Brickit is an app that uses your phone’s camera, augmented reality, and machine vision to do one really cool thing: help you make cool LEGO toys out of the bricks you already have.
The Brickit app scans a photo of your pile of un-sorted bricks. It figures out which bricks you have. It recommends instructions for things you can make based on what it knows you have in the pile. And then when you’re making them? It highlights where the parts you need are in the pile.
In the old days, LEGO were for imagination. You’d get a box or bucket of bricks, no instructions, and you’d make all kinds of multi-colored creations, and then play with them, imagining different worlds.
That’s not entirely true, of course. As early as the 50’s there were LEGO branded sets for making small homes and other creations. But most of my childhood was just making things from random mixed colors of bricks, without instructions.
Now, we have complex sets with complex instructions, and custom pieces to make shapes that we could only approximate in the past. But if you just want to make something out of what you have?
Brickit helps with this. And, it makes one of the first really easy to understand and use Augmented Reality applications that isn’t “measuring walls in my house”. I get it: making house plans is cool, but this is something you can use, use naturally in the process of making LEGO.

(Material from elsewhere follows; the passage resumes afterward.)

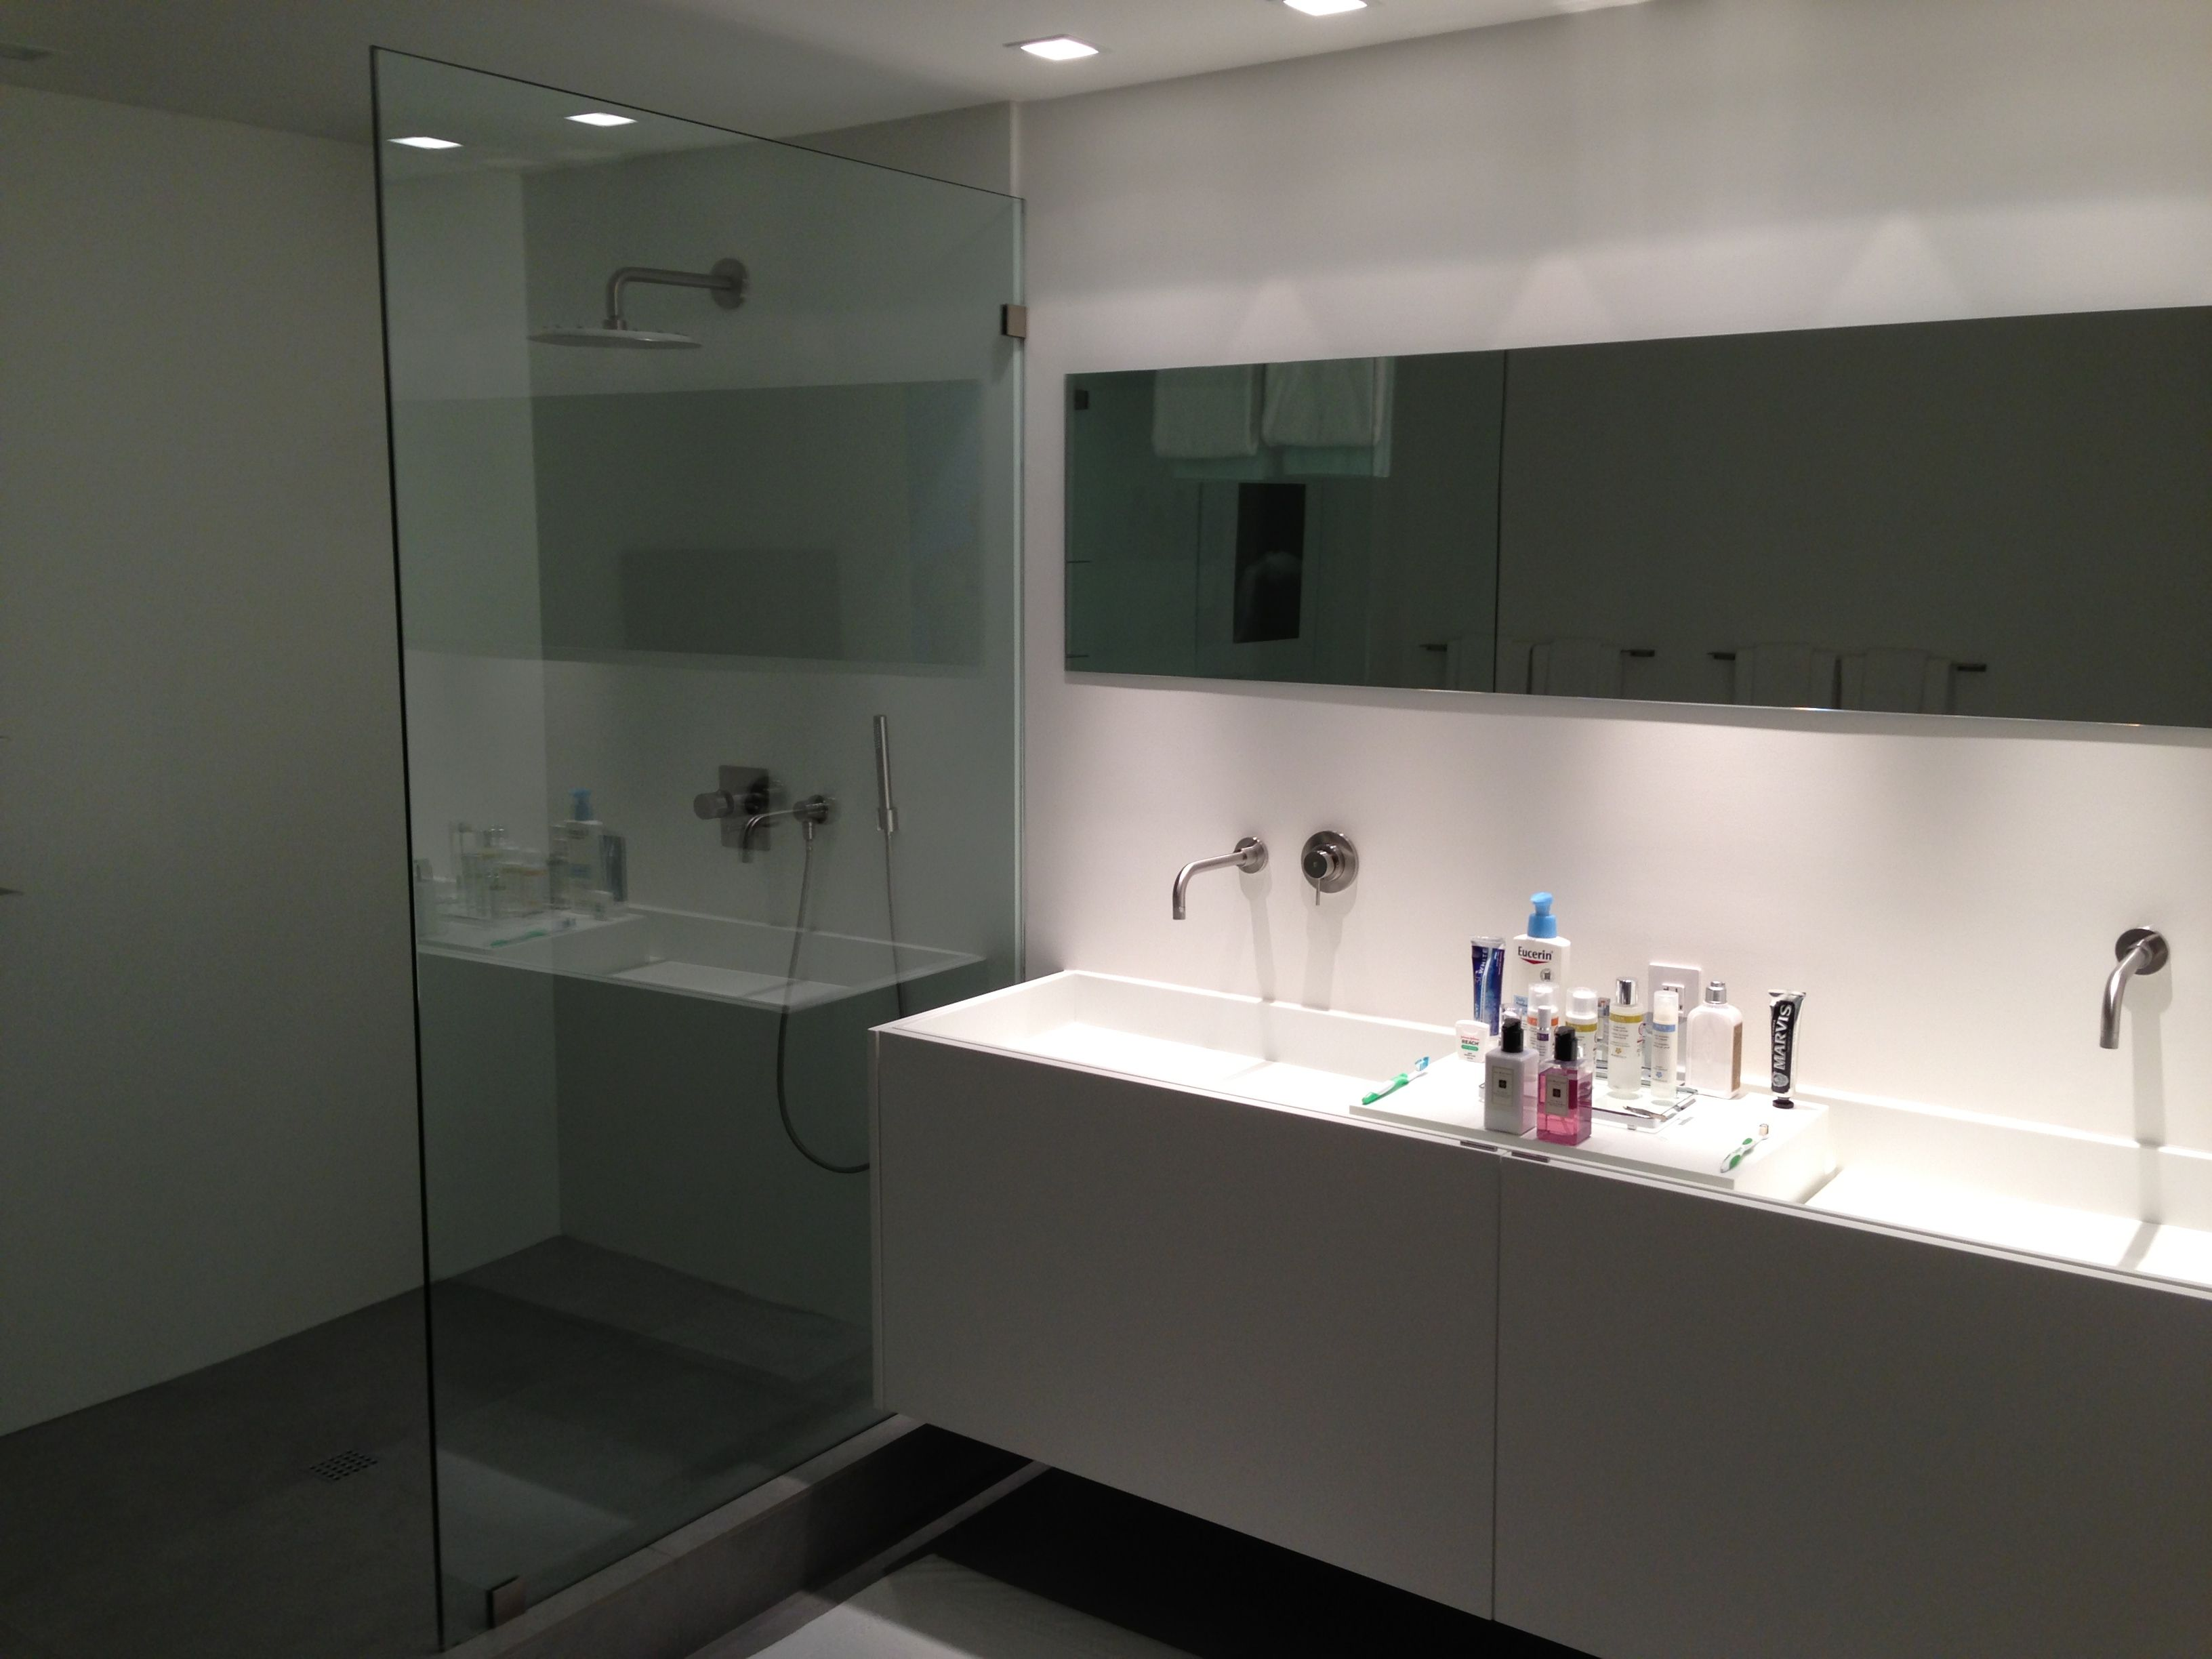 Reece Bathroom Cabinets Reece Bathrooms Cibo Tasca 1500 Wall Hung Vanity Bathroom

It’s not perfectly accurate. When it scans for pieces, it ignores colors. This is fine if you’re just making whatever, but if you’re making a pink flamingo, you might want to search for pieces in pink. It obviously can’t spot pieces that are buried under other pieces. But for what it is, I think it’s very cool.
It doesn’t try too hard – it’s not Minecraft in AR, where you have to move the display all around, or have a flat table space to project it on. It’s just a tool for making use of the bricks you have easier, and an excellent demonstration of how computer vision can augment reality without being an imposition.